◆ **WHAT THIS TASK INVOLVES**:
After removing every image, reproduce the data exactly as it appears.

◆ **SOURCE DATA**:
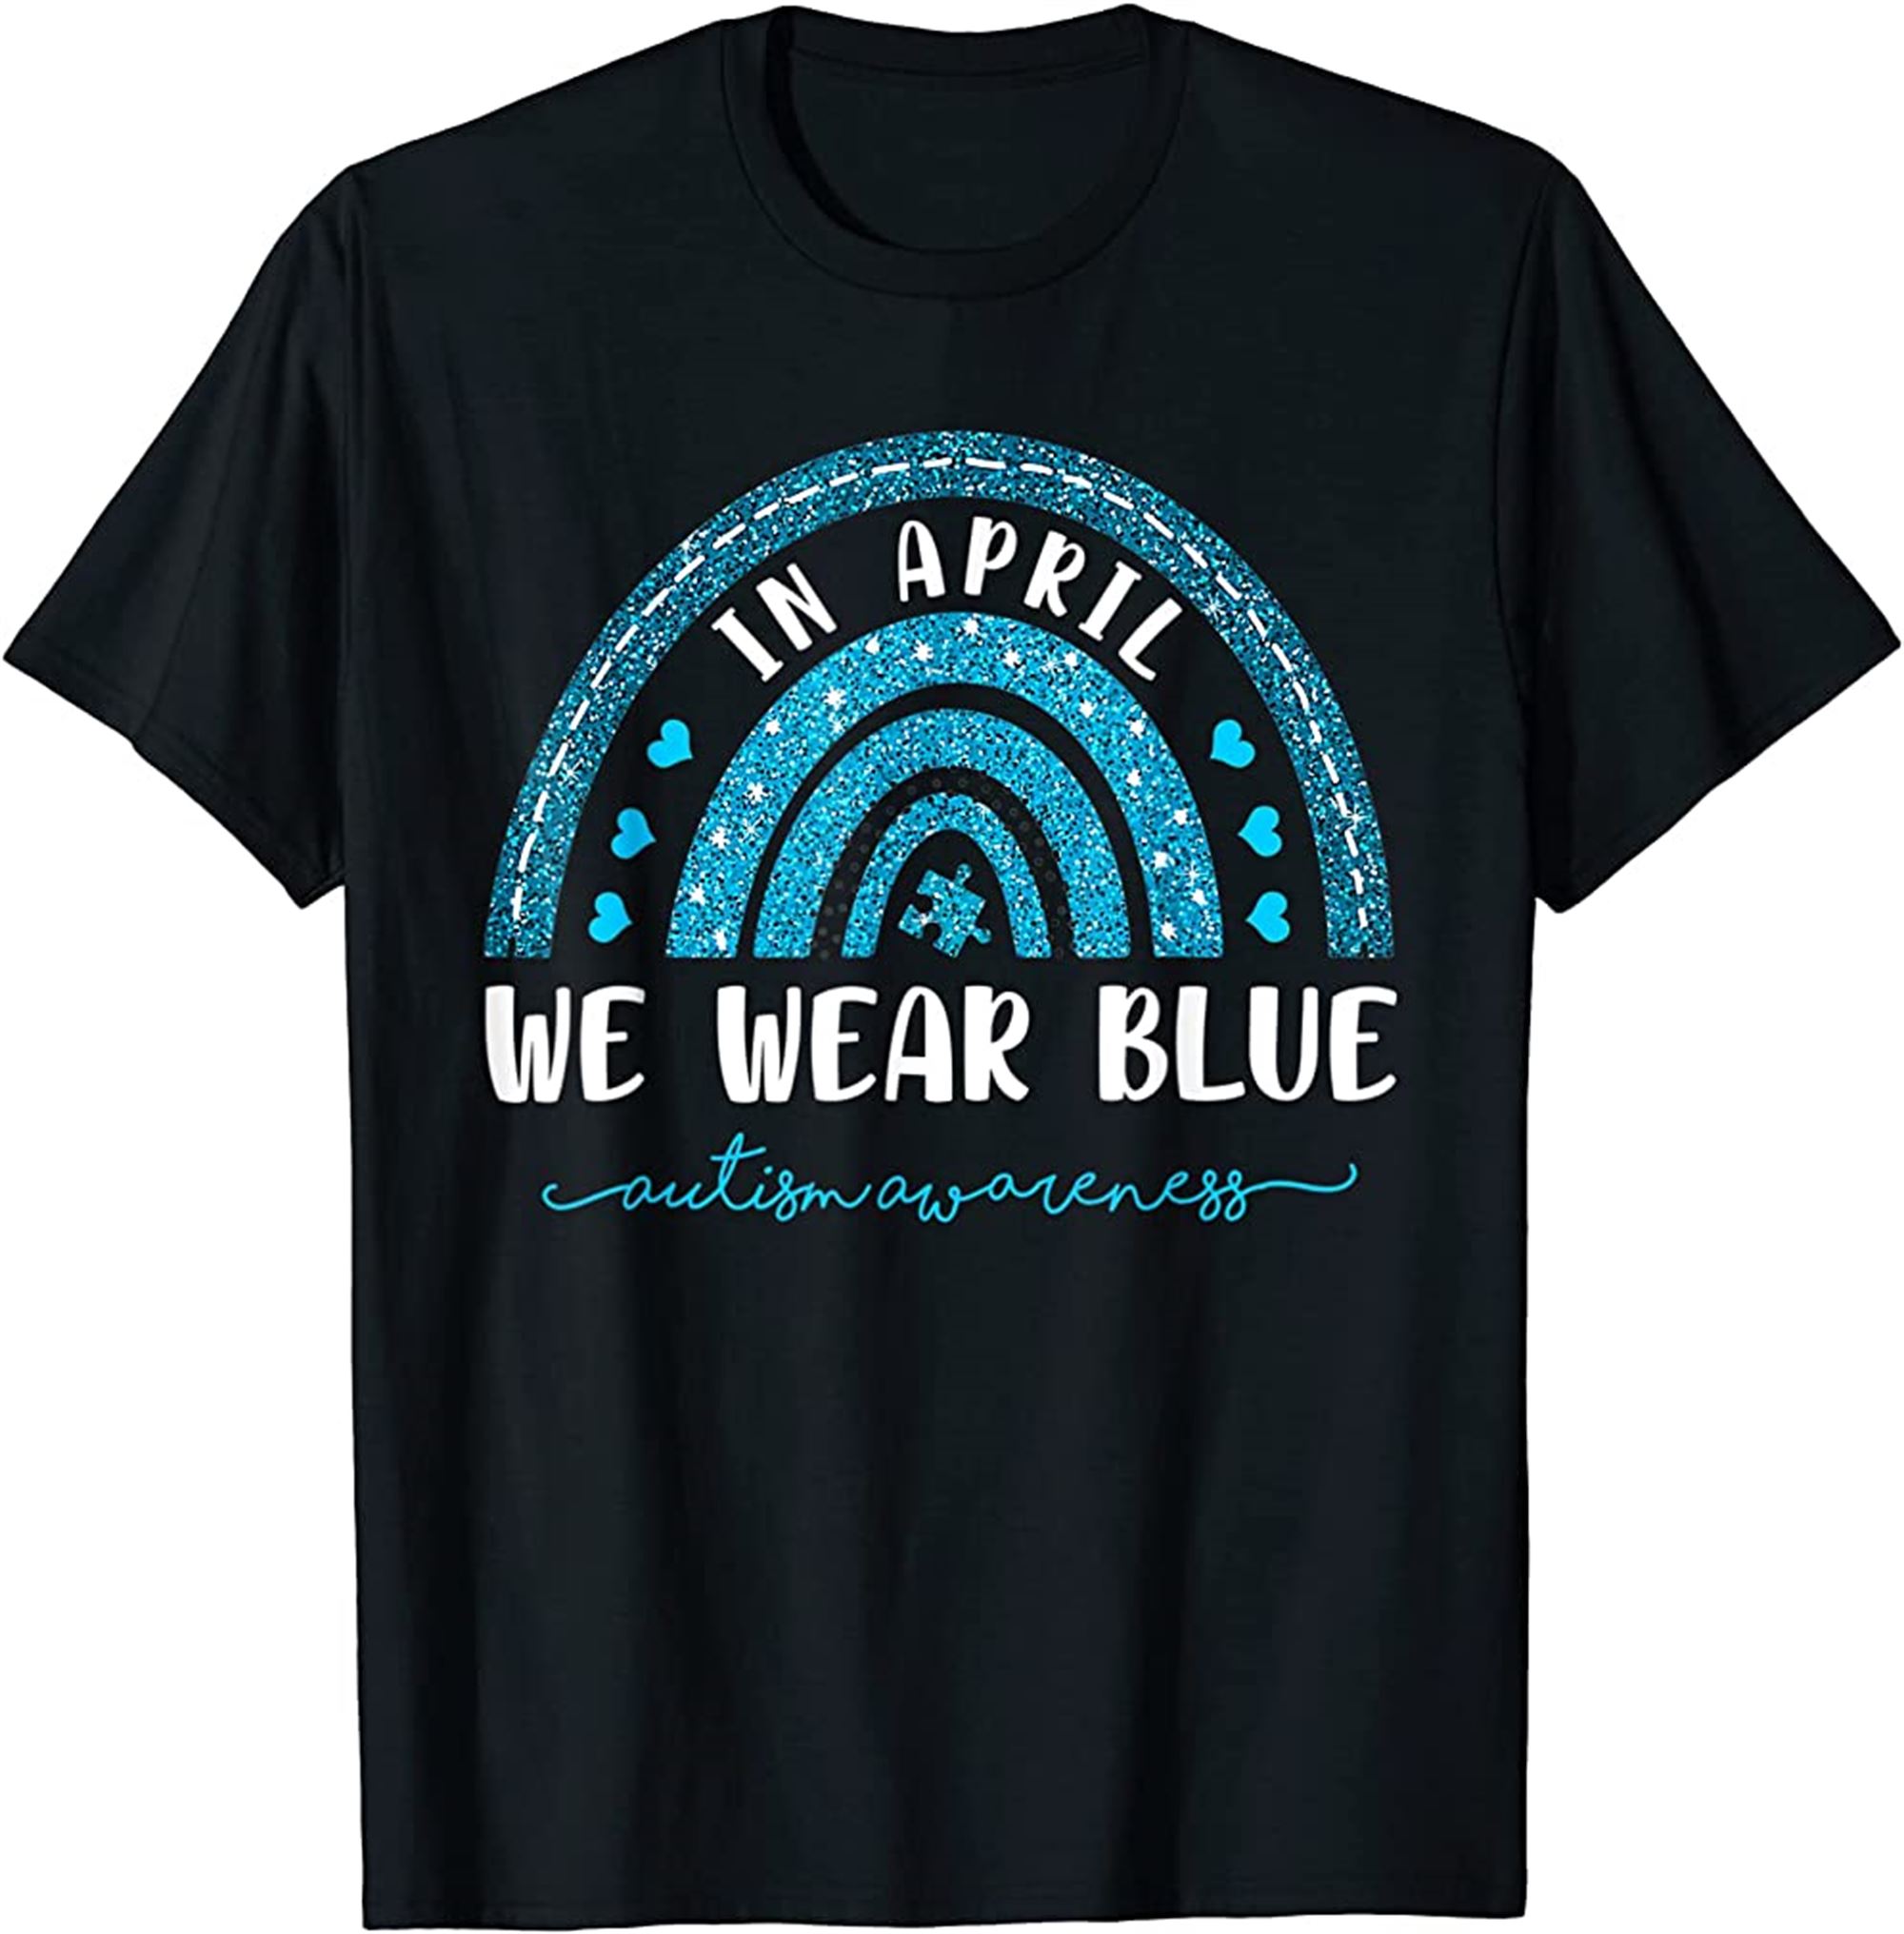 Rainbow In April We Wear Blue Autism Awareness T-shirt Plus Size Up To 5xl
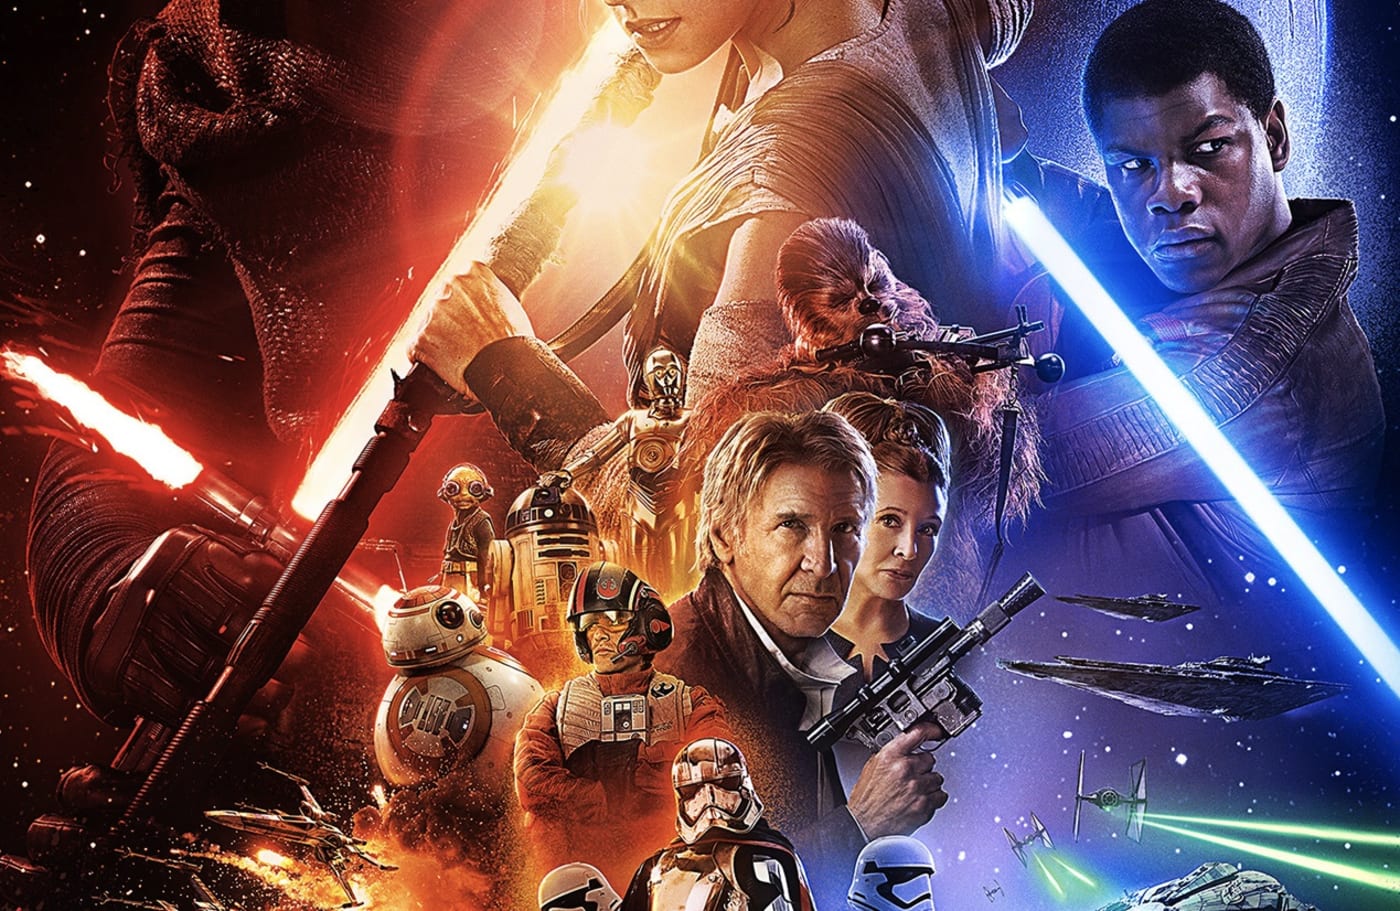 Chinese Wars: The Force Awakens' Poster Accused of Editing out People of Colour Chewbacca) | Complex UK
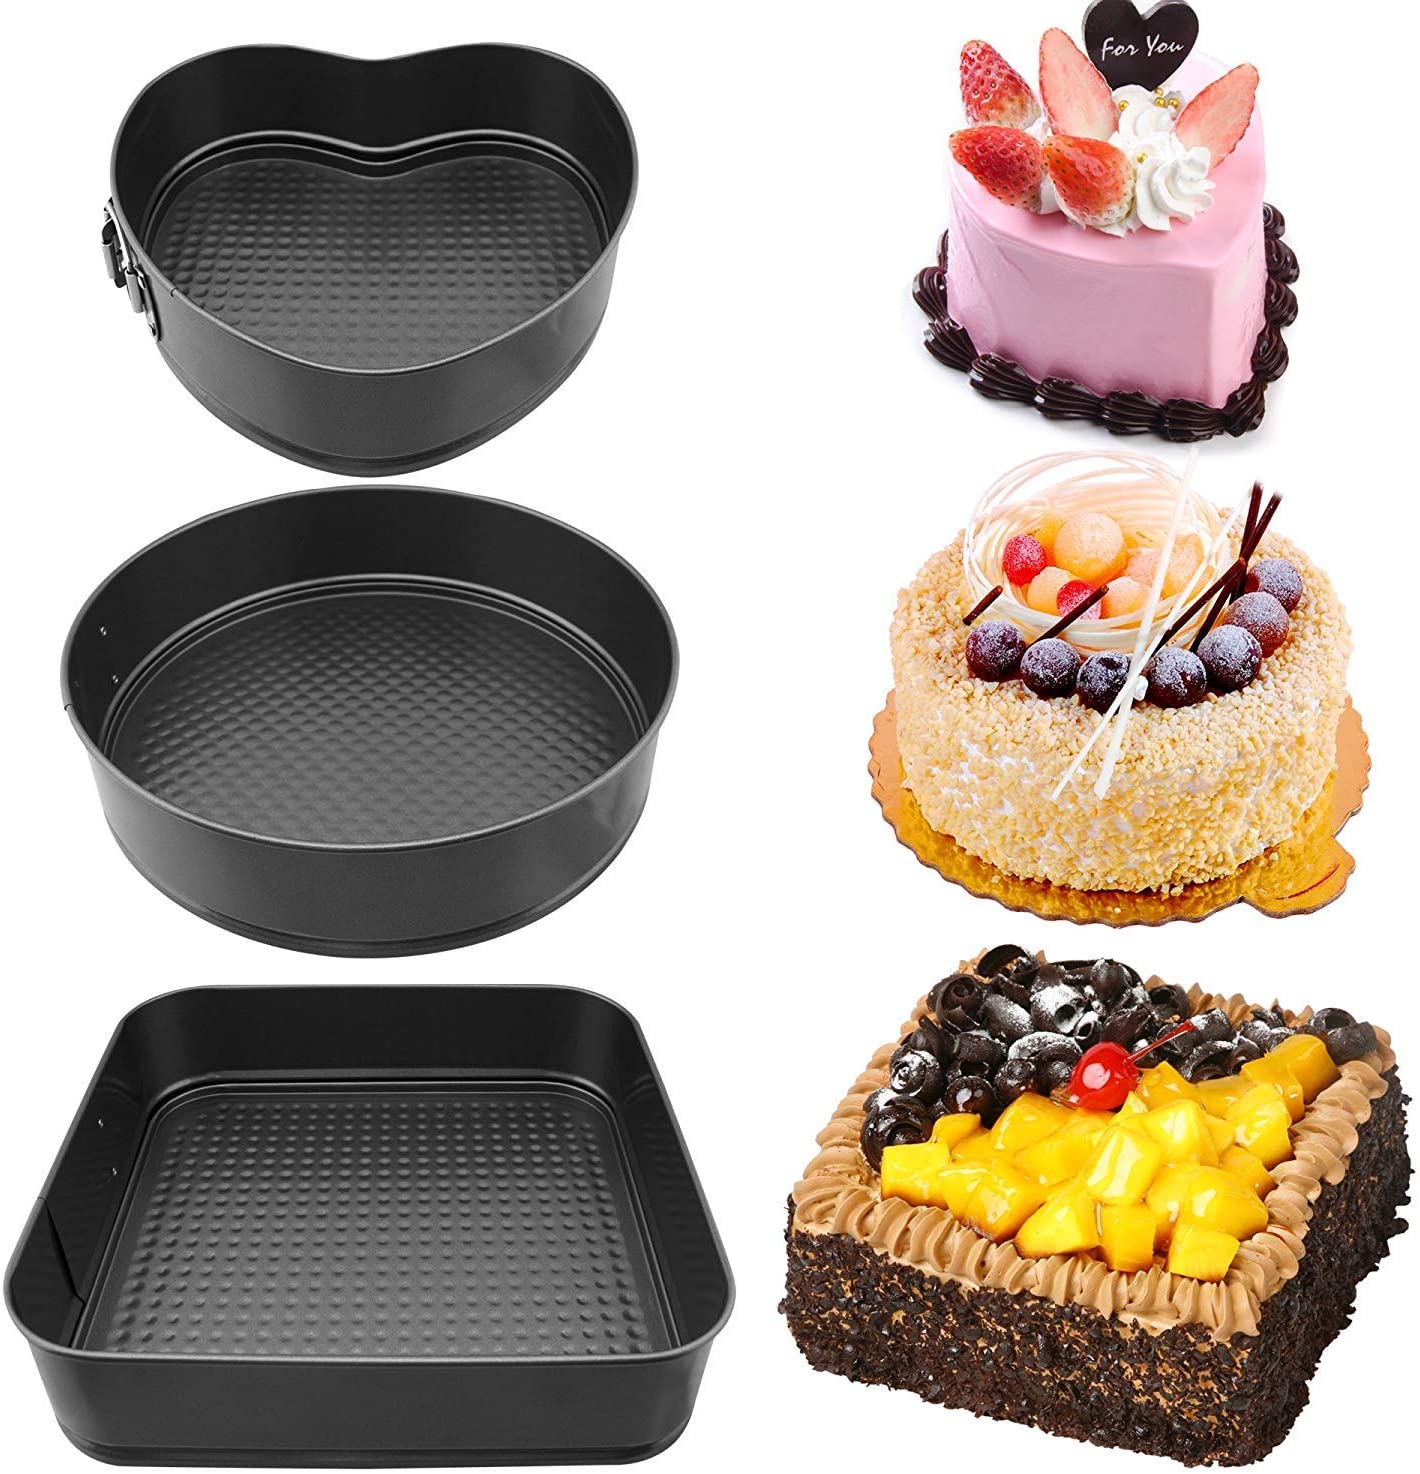 Amazon.com: P&P CHEF 8 Inch Cake Pan Set, 3 Pcs Round Baking Pans Stainless  Steel Layer Birthday Wedding Cake Pans, Fit Oven/Pots/Pressure Cooker, Non  Toxic & Heavy Duty, Dishwasher Safe : Everything

◆ **REPLY**:
 Rainbow In April We Wear Blue Autism Awareness T-shirt Plus Size Up To 5xl
 Chinese Wars: The Force Awakens' Poster Accused of Editing out People of Colour Chewbacca) | Complex UK
 Amazon.com: P&P CHEF 8 Inch Cake Pan Set, 3 Pcs Round Baking Pans Stainless  Steel Layer Birthday Wedding Cake Pans, Fit Oven/Pots/Pressure Cooker, Non  Toxic & Heavy Duty, Dishwasher Safe : Everything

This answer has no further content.